I totally agree with your hypothesis.
I'm in the process of adding some more airstones, but I am really wary of buying another mid-level 2 output air pump and am looking for other alternatives.
What about just buying an O2 tank and running the tubes off that (splitting it of course)... I wonder how much that would be and how long it would last ?
There's got to be other ways to get O2... AIR in there !
Nice ROOTS.
1982grower
Well-Known Member
I could actually get all the oxygen i want for free. i work at a hospital and run wiring. The beds all have valves and canisters next to the bed. If you want a large pump just buy an industrial pump and stick a massive diffuser on the end of a 1 inch dia line. Use a shopvac. 5 hp should give you some bubbles. Thanks for the reps man. make sure whatever motor you buy is 100% duty cycle and i was joking about the shopvac. maybe overkill
1982grower
Well-Known Member
When you say mid level i kow what you mean. they are all the same. they make some bubbles but i want tons of bubbles. my whole res i want bubbling under the plants
nasd90
Well-Known Member
LOL... A hospital... That is TITS. kiss-ass
Can I be your friend ?
Seriously though... I was in our hot tub, which is like a 6 person I think, fairly big... just sitting in there going... "THIS is going to be a HYDRO system one day..."

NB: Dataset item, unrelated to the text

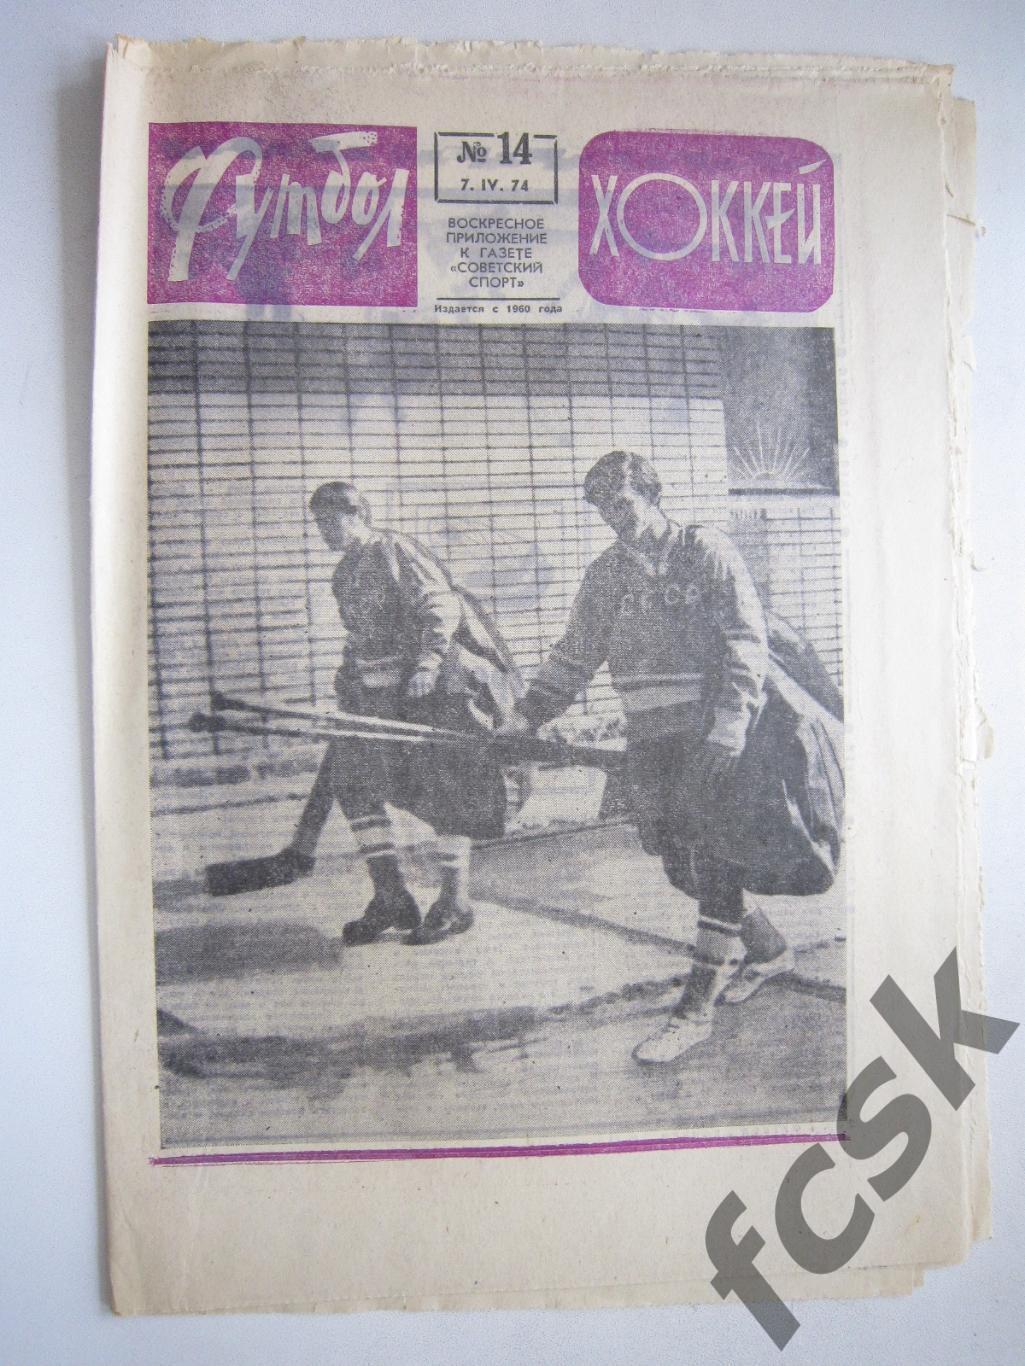 Еженедельник Футбол-Хоккей 1974 № 14 Московская правда (АВ-1)

Little does she know... Brew-ha-ha...
The shopvac idea was funny... I knew you were kidding... Way too loud though of course. I was actually thinking about an air compressor, just set it at 20 psi or whatever it works out to be... BUT, then I don't know how often the compressor would be 'kicking off' to pressurize it's tank. Gotta think about noise.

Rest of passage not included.